• _SOURCE MATERIAL_
------------------------------------------------------------

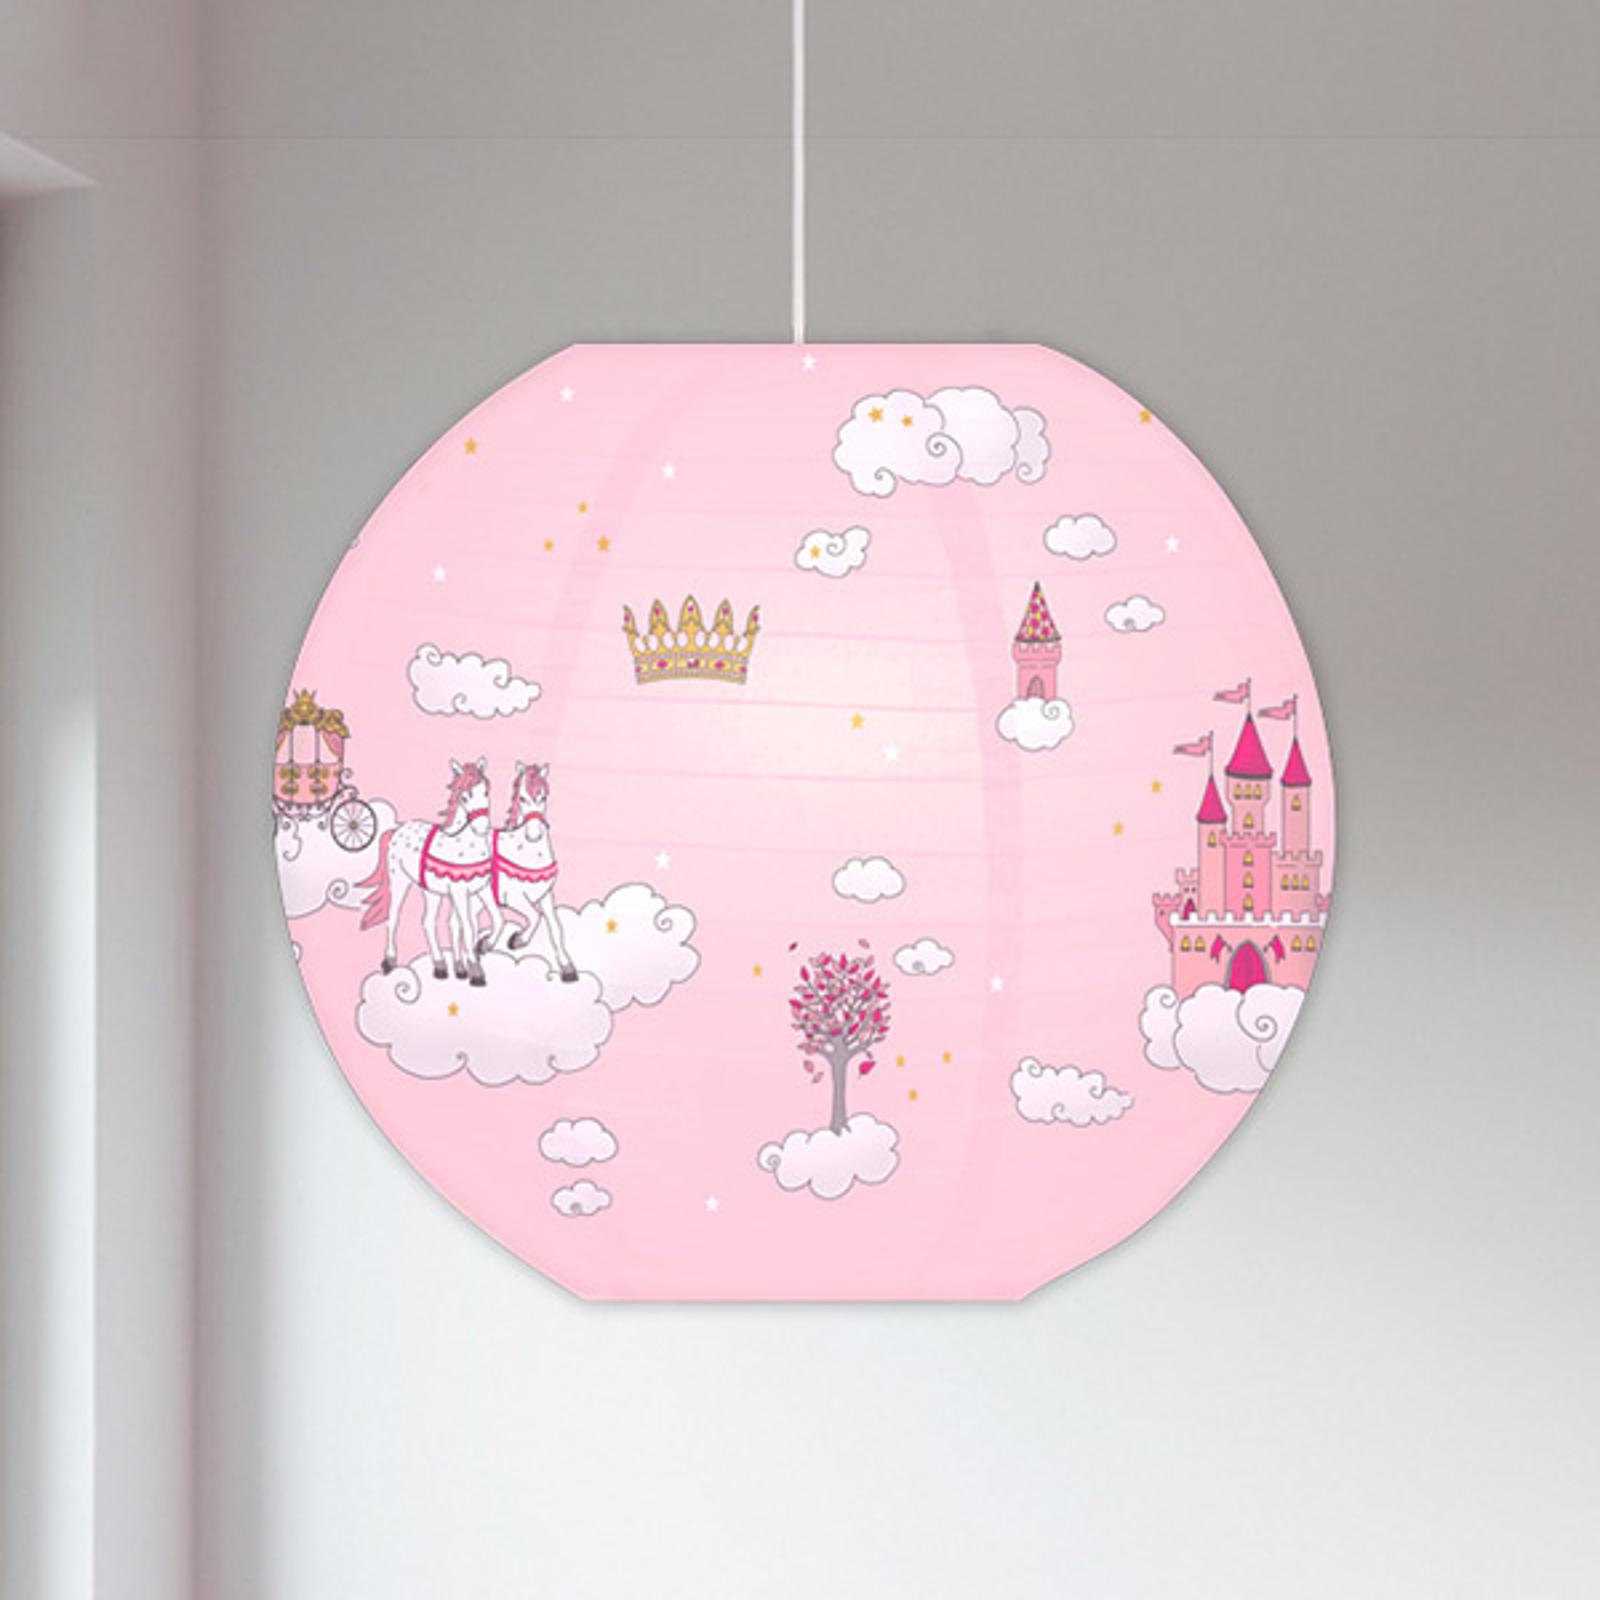 Hængelampe 4117004 med prinsessemotiver
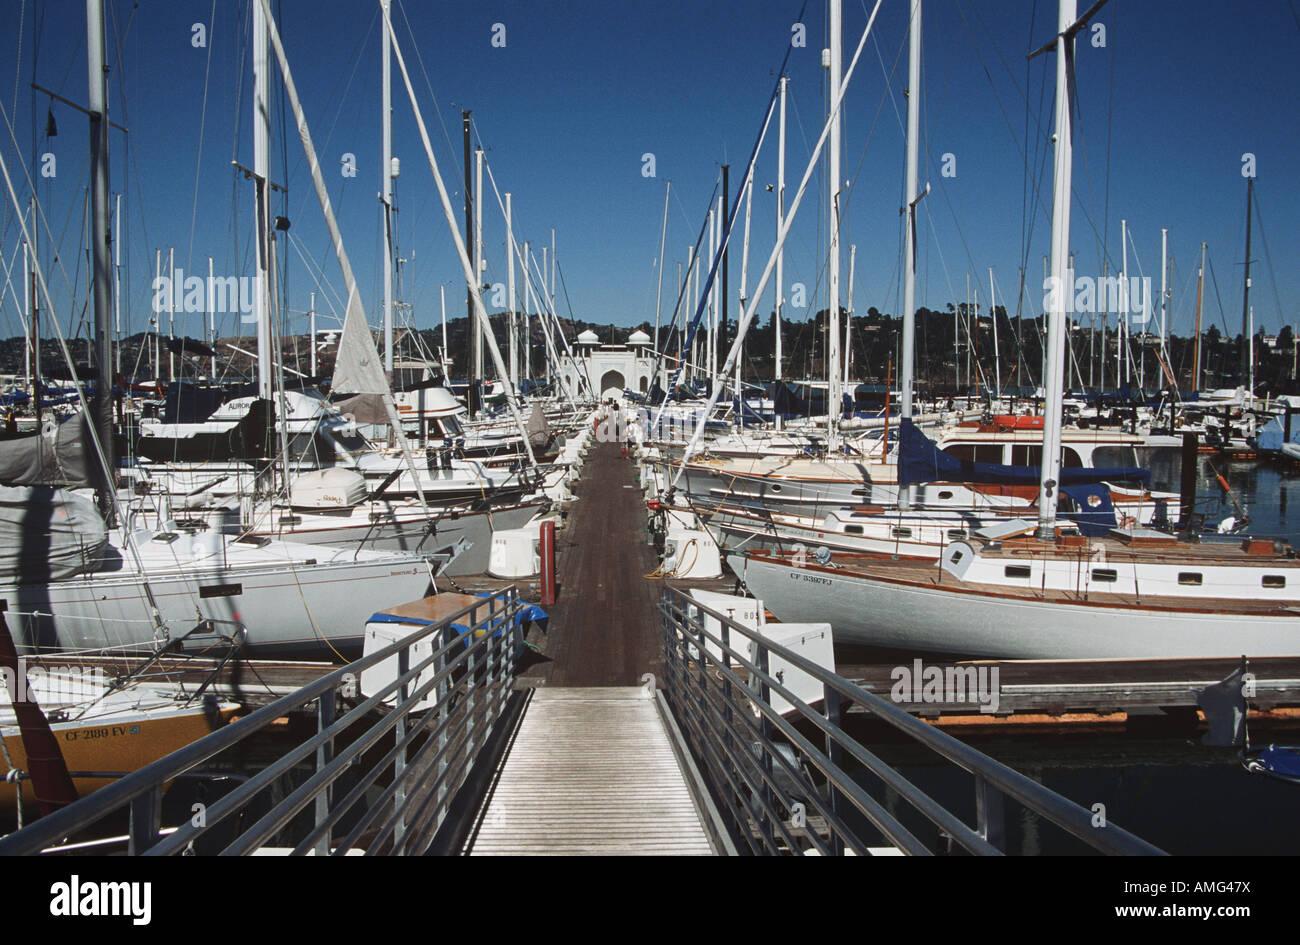 Sausalito Yacht Harbor Stock Photos & Sausalito Yacht Harbor
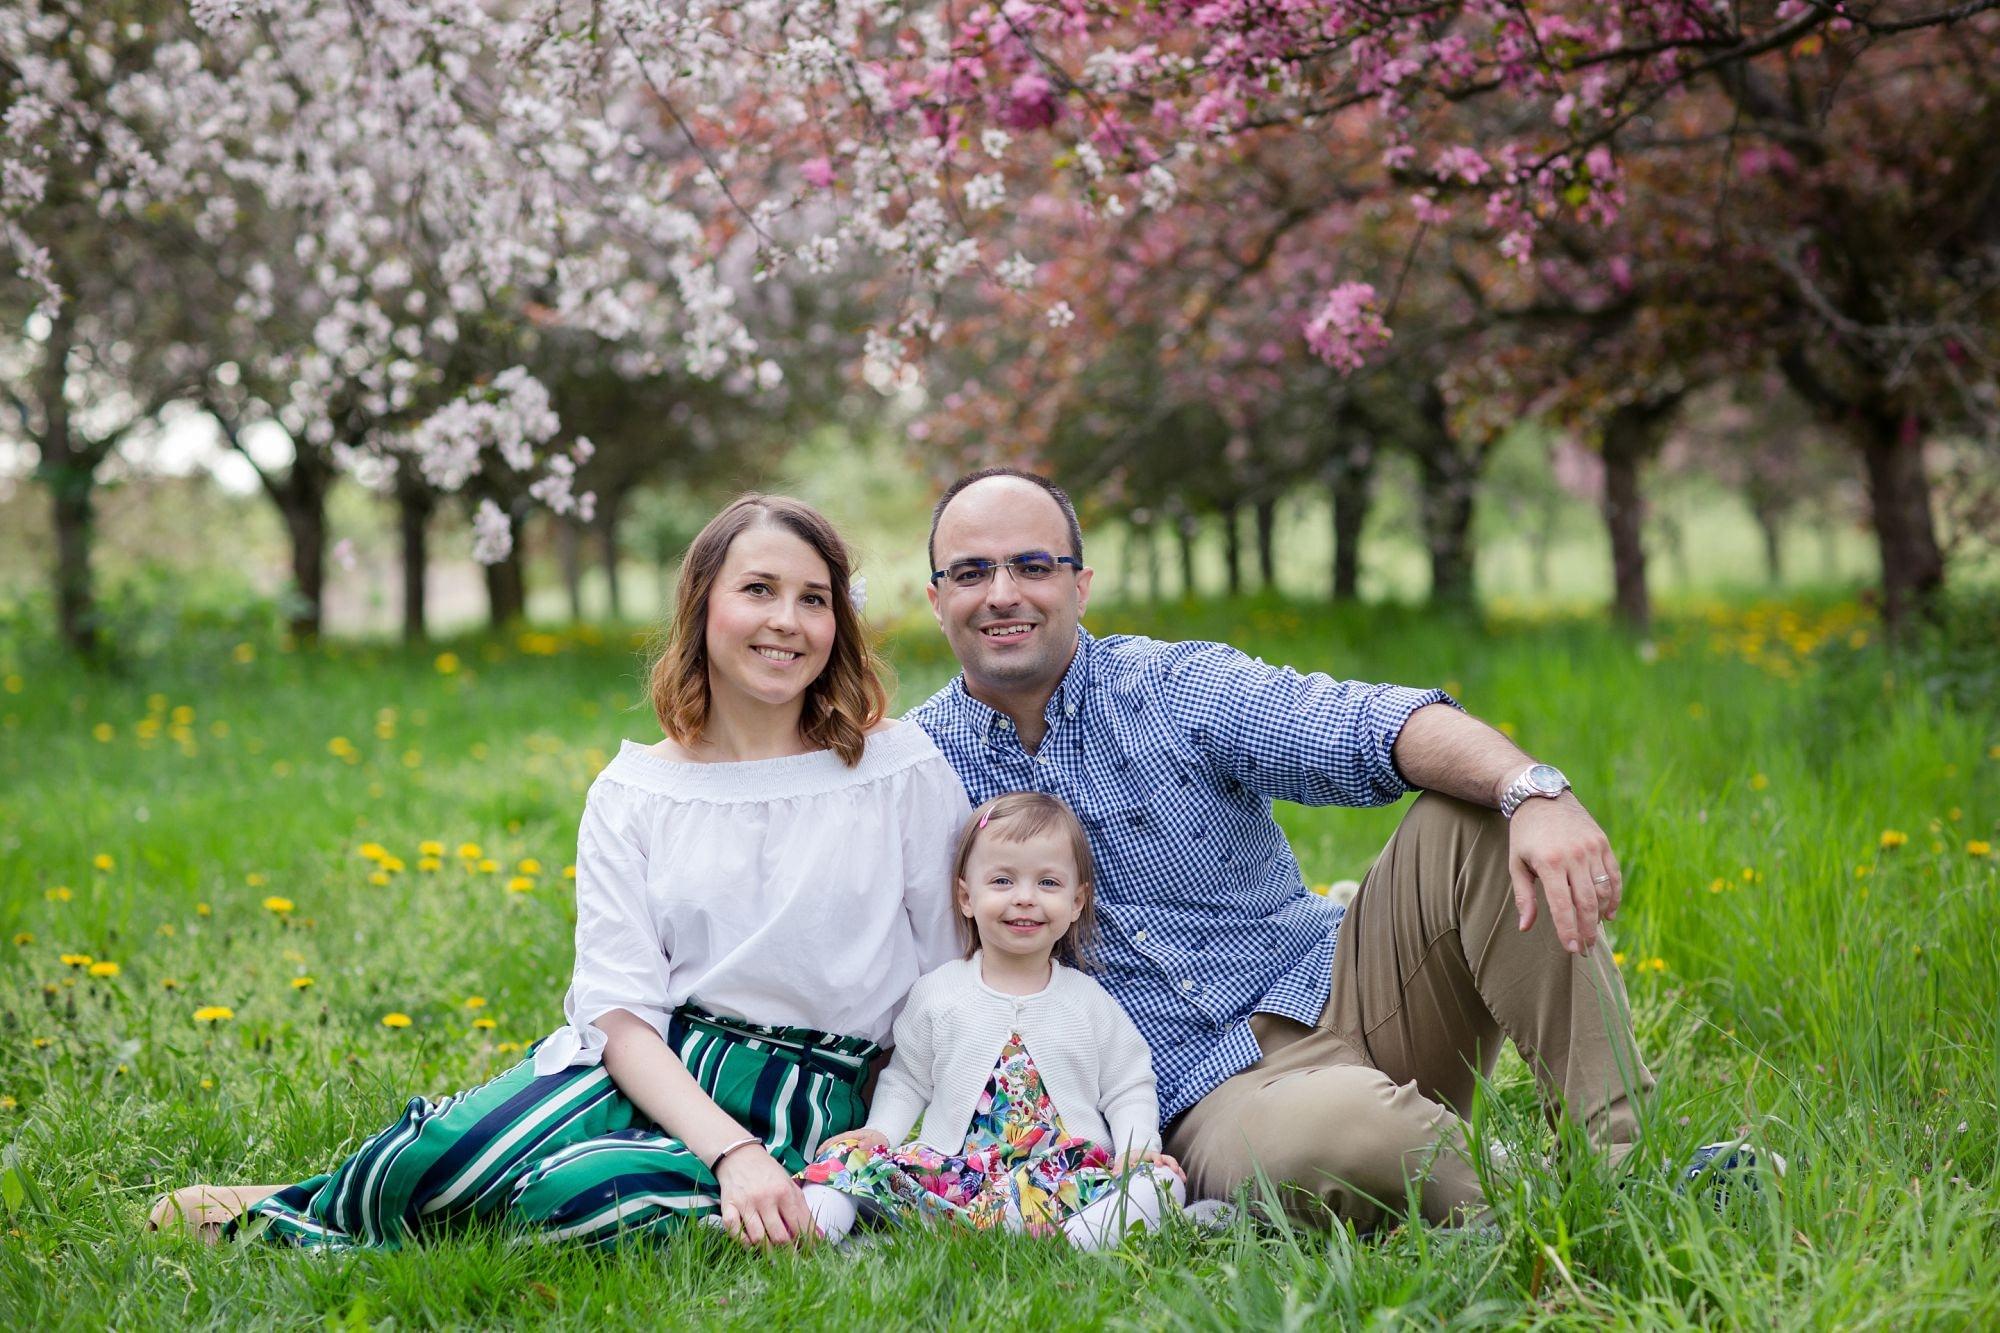 Rodinne foceni v Dendrologicke zahrade mezi rozkvetlymi stromy

------------------------------------------------------------

• _WHAT NEEDS TO BE DONE_
The pictures alone are to be left out when the data above is copied; all else must match exactly.

• _ANSWER BOX_
 Hængelampe 4117004 med prinsessemotiver
 Sausalito Yacht Harbor Stock Photos & Sausalito Yacht Harbor
 Rodinne foceni v Dendrologicke zahrade mezi rozkvetlymi stromy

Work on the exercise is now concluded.